• [Prompt]: The expected result is an exact copy of the lines from the one holding "Heterotrimeric G Protein" to the last line of the material, with pictures removed and nothing added.

• [Dataset excerpt]:
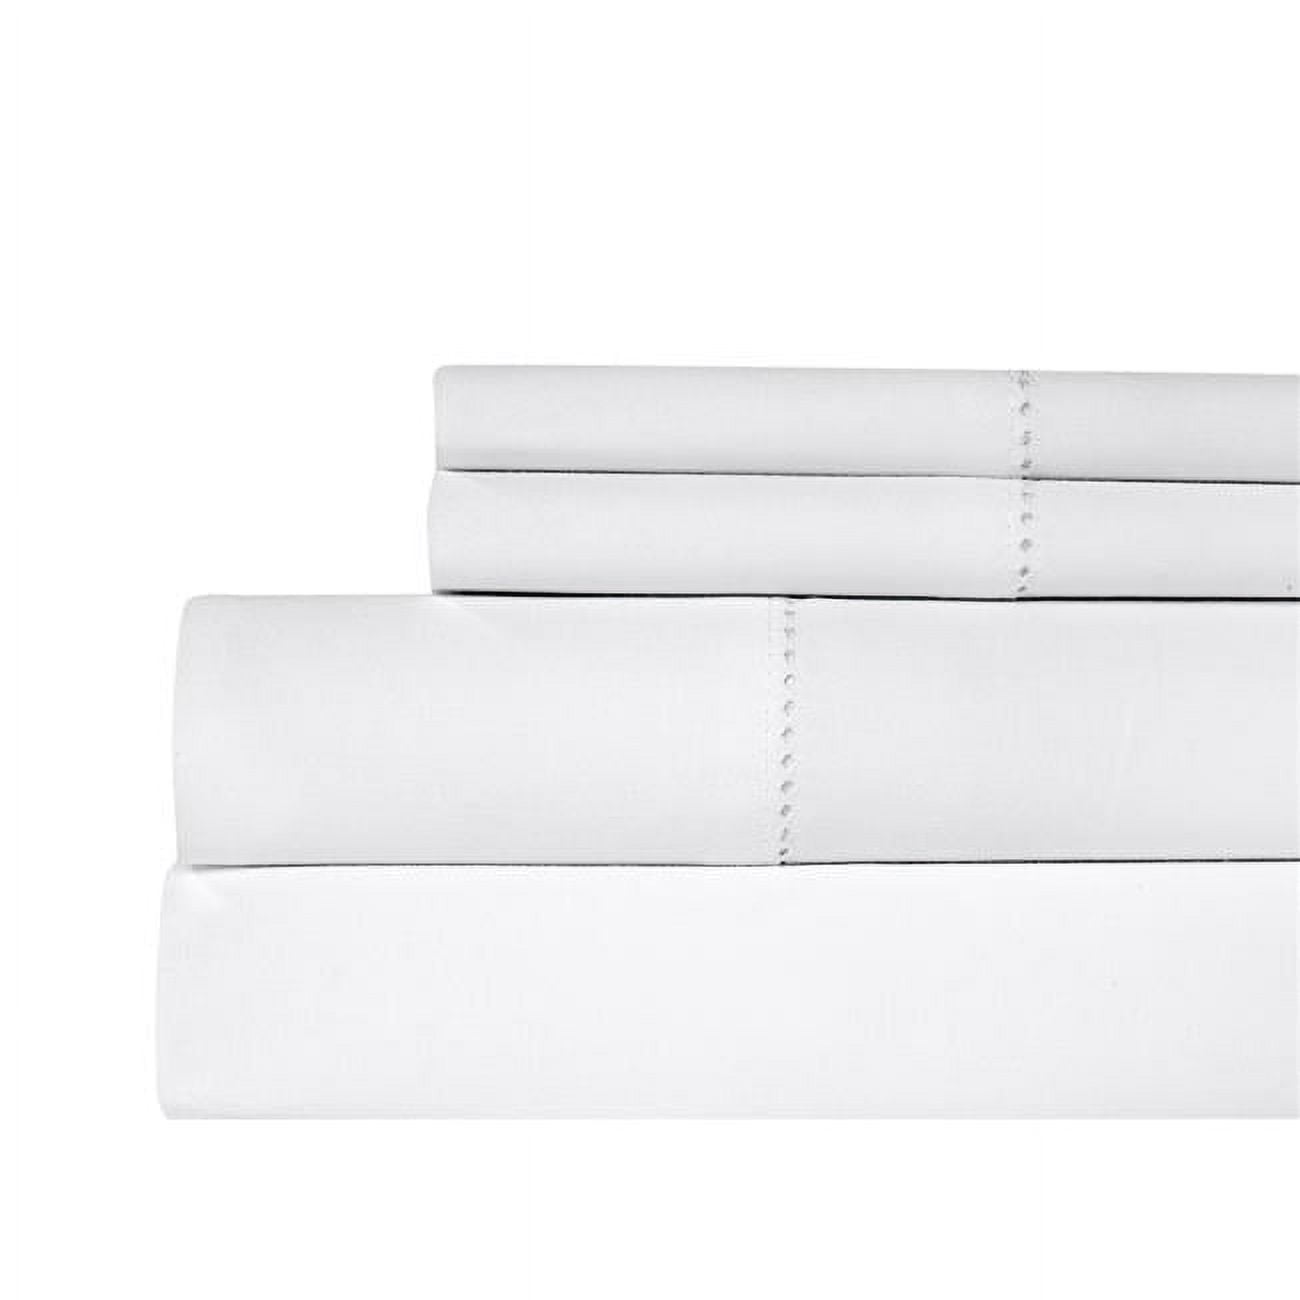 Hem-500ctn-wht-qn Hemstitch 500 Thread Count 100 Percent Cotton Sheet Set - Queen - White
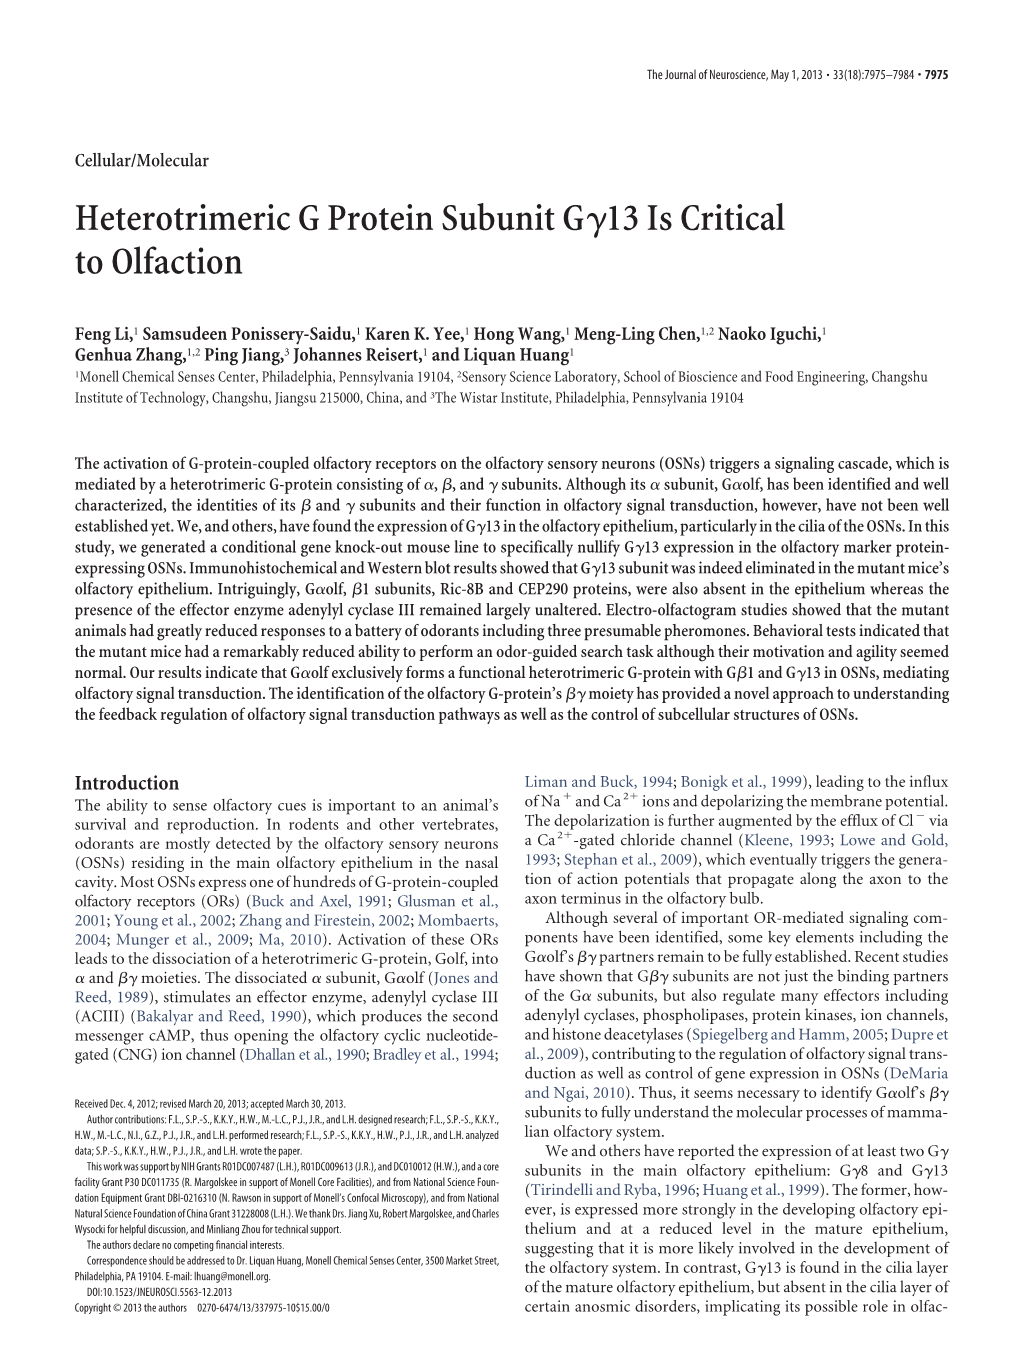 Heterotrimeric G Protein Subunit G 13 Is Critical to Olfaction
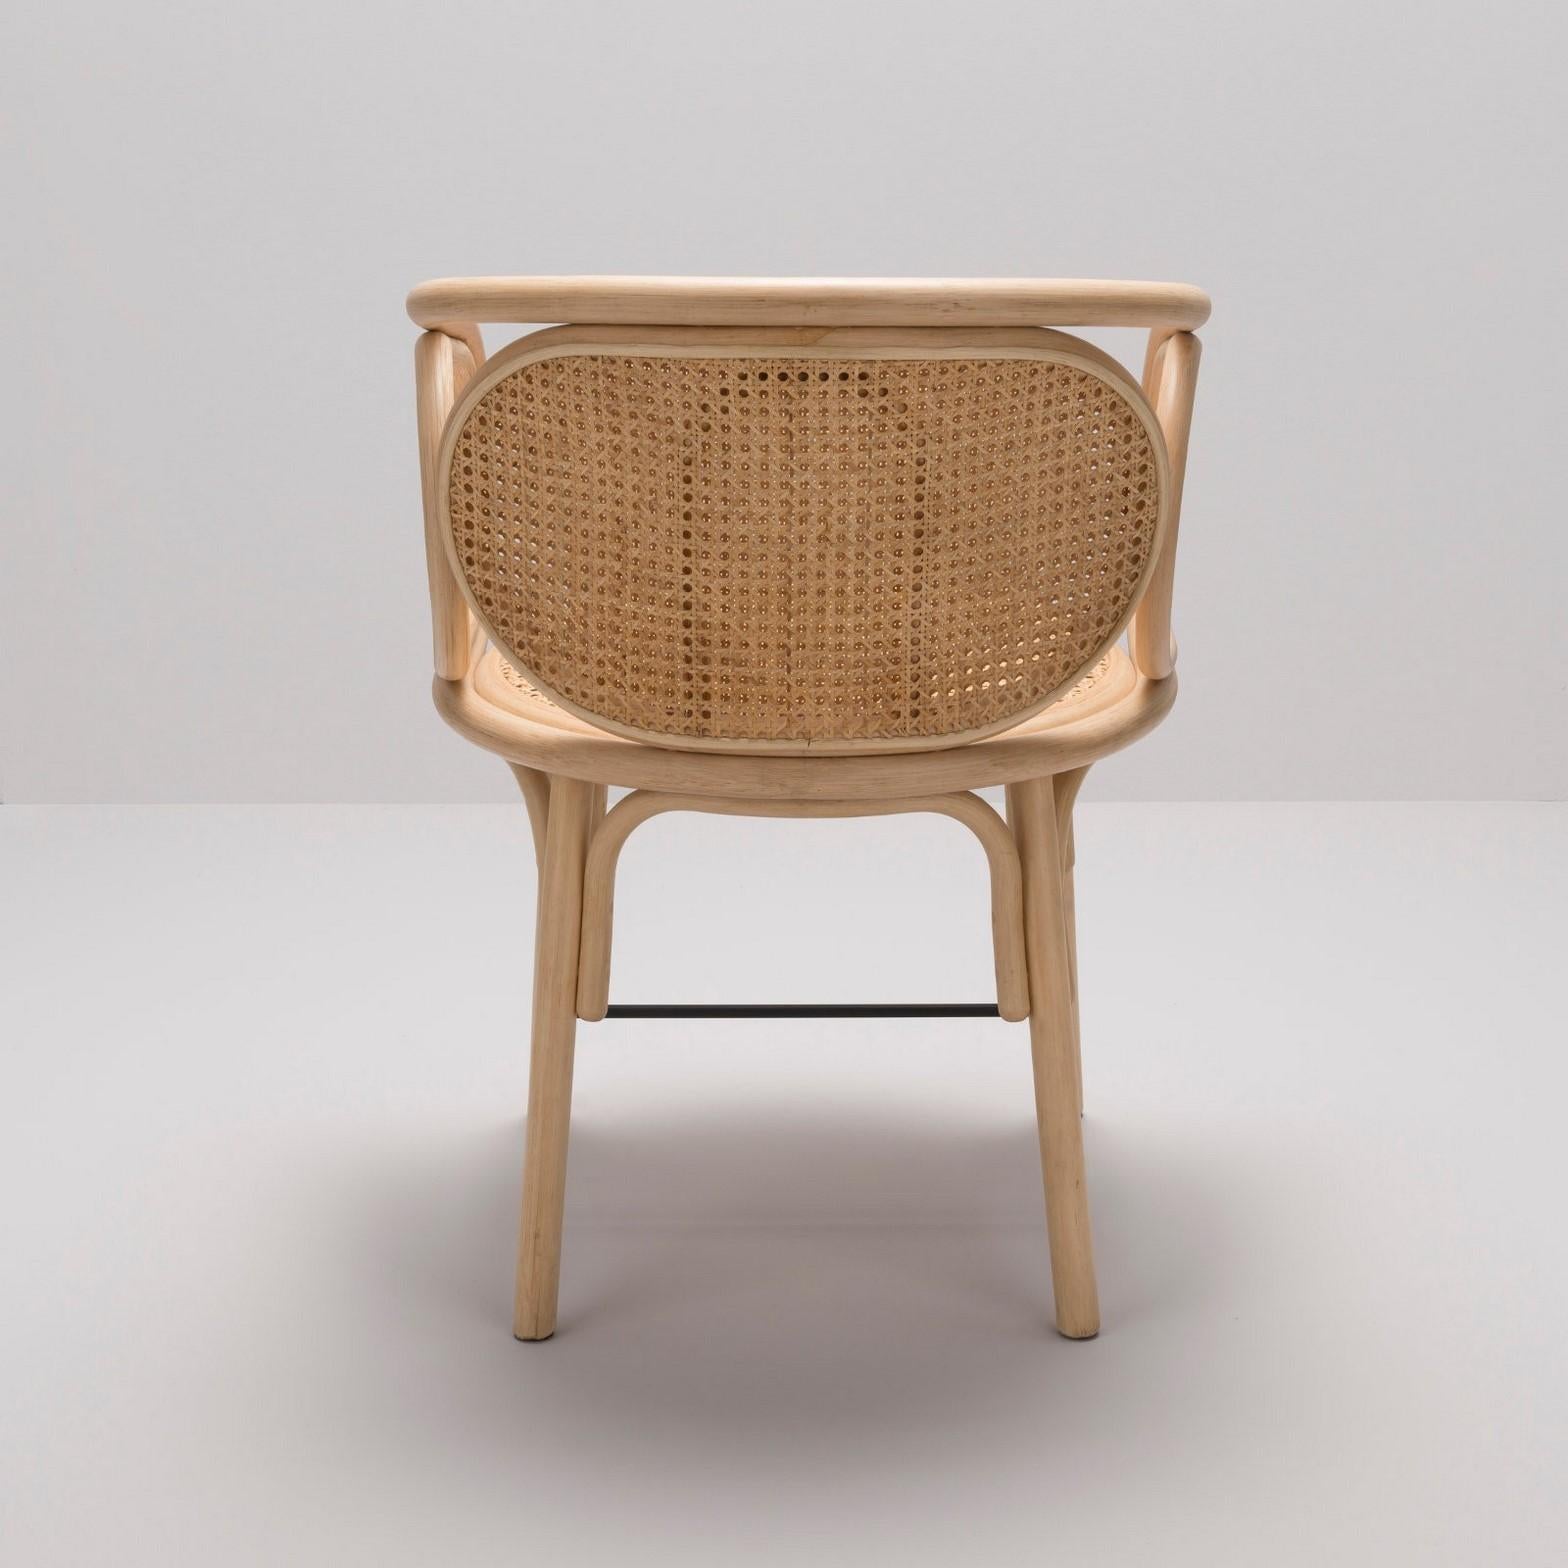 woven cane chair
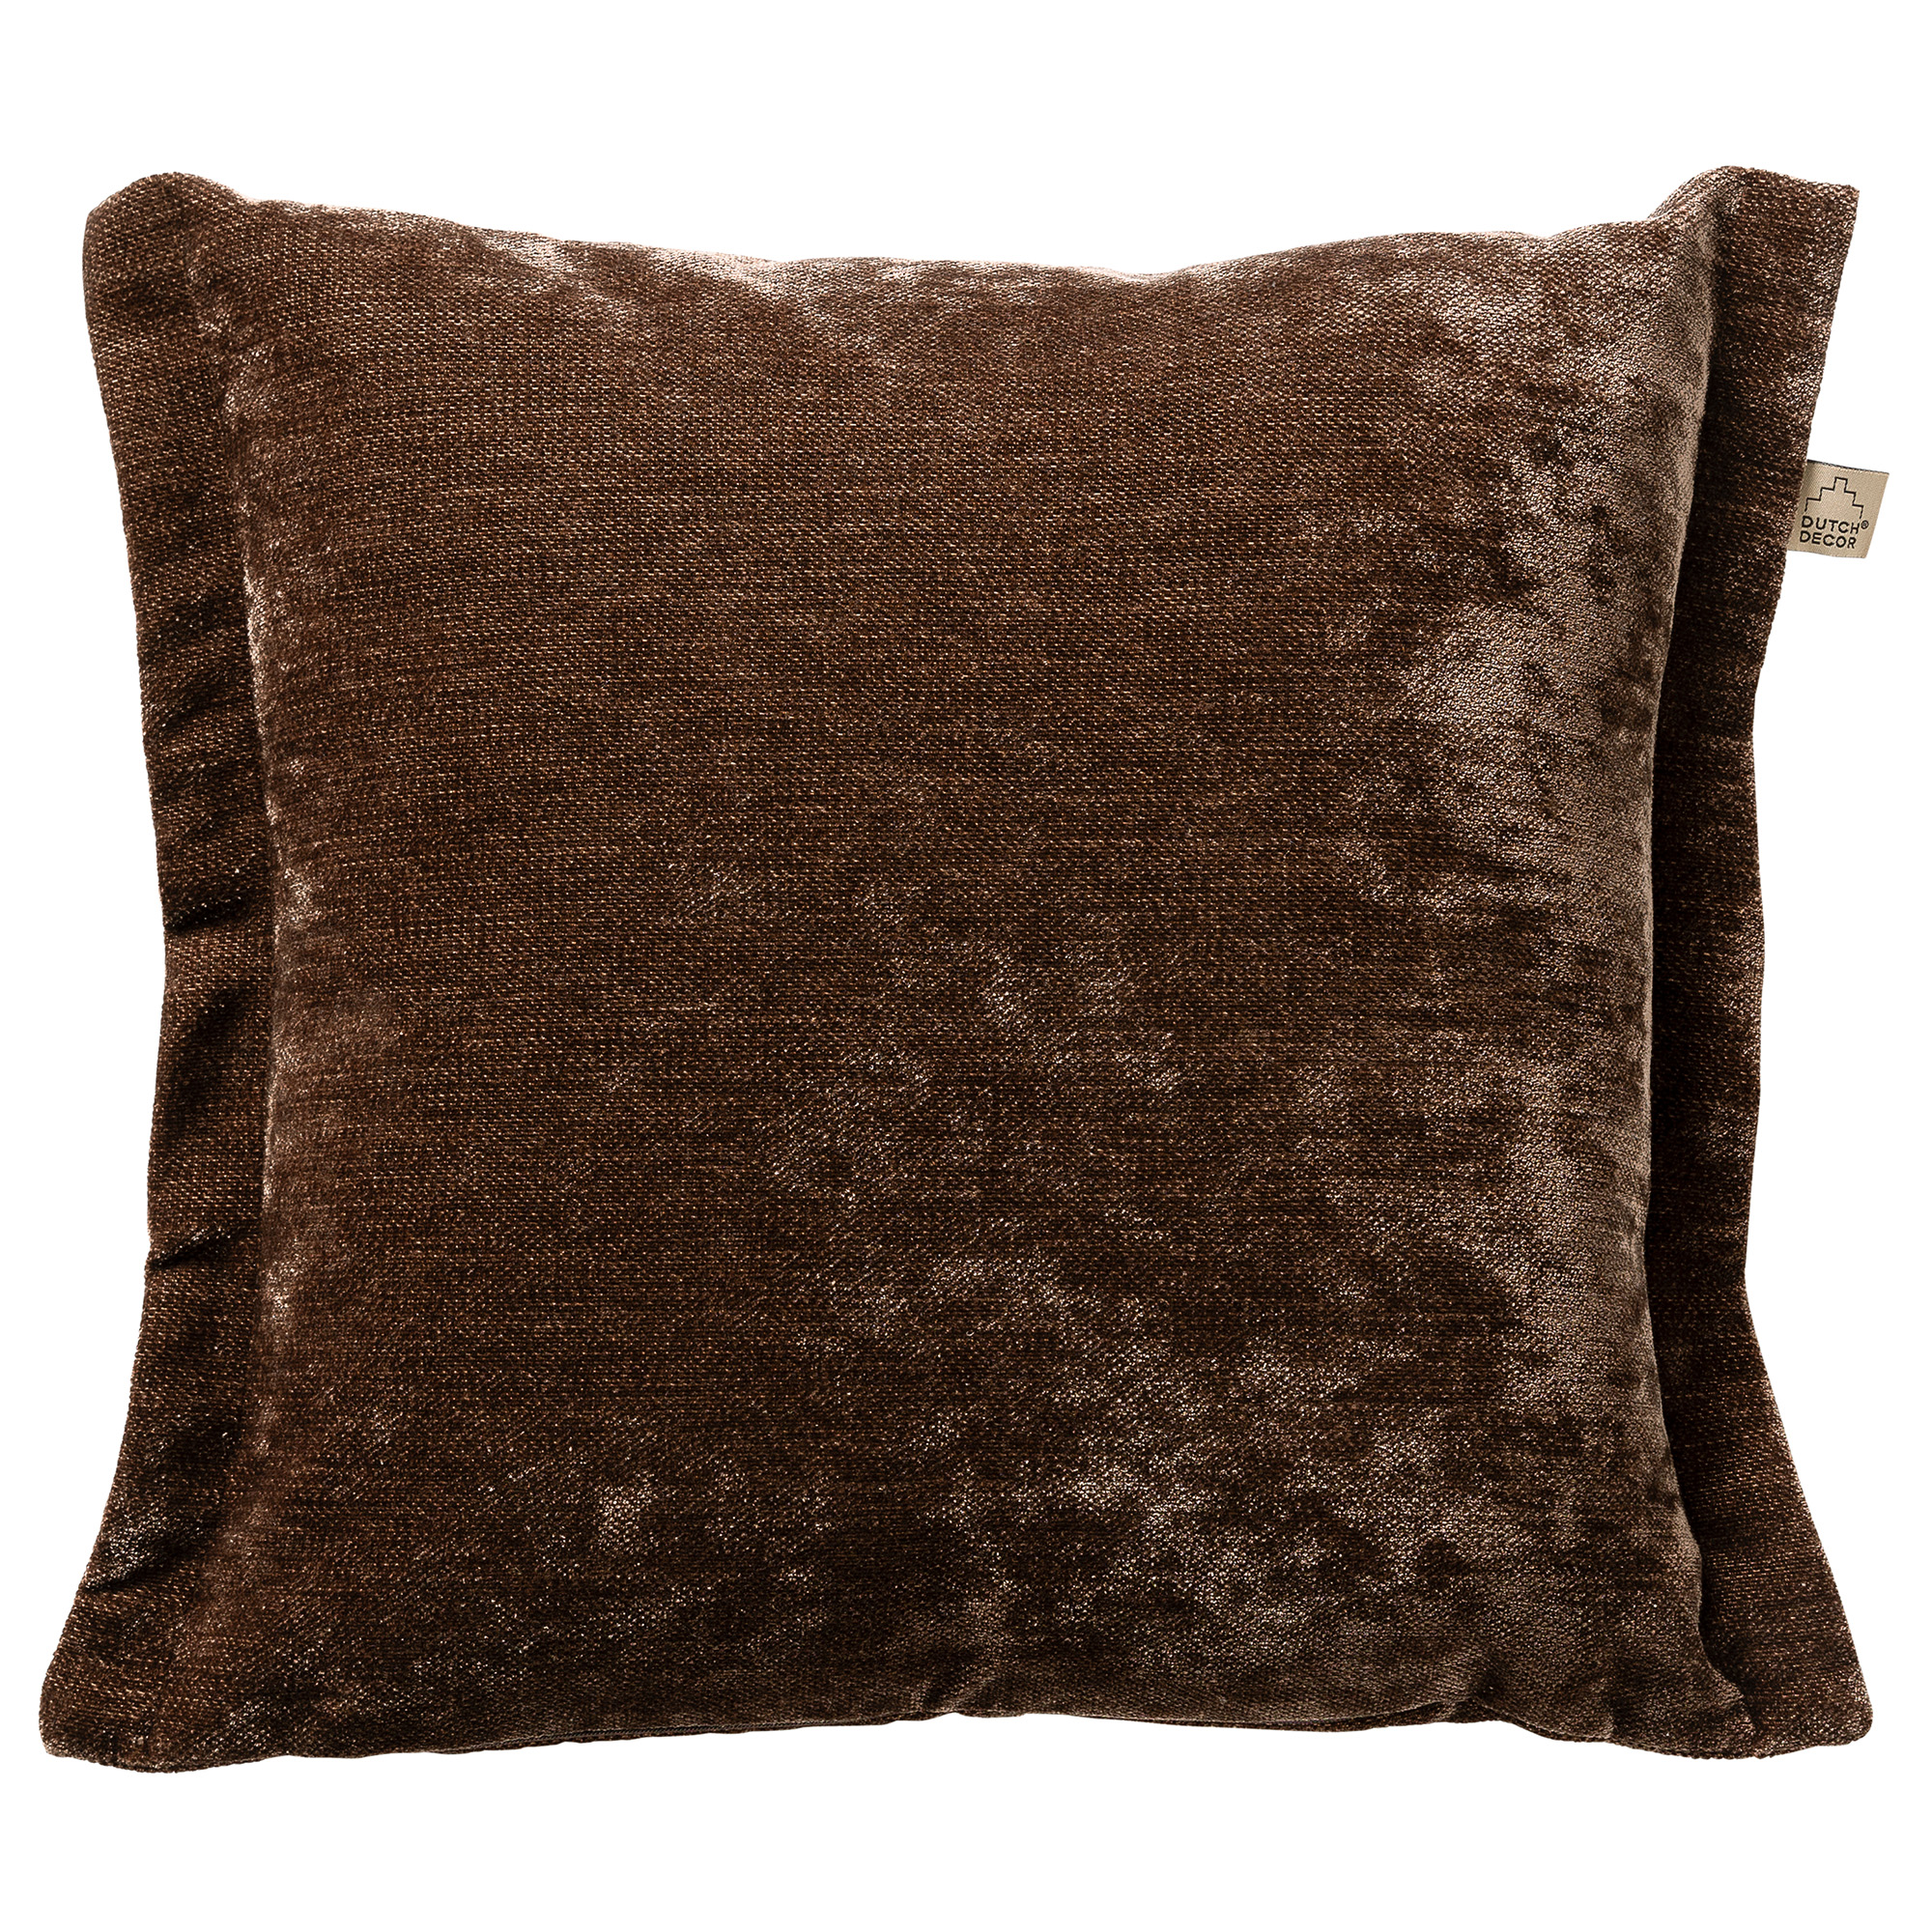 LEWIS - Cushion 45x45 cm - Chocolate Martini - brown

• [Completed task]:
 Heterotrimeric G Protein Subunit G 13 Is Critical to Olfaction
 woven cane chair
 LEWIS - Cushion 45x45 cm - Chocolate Martini - brown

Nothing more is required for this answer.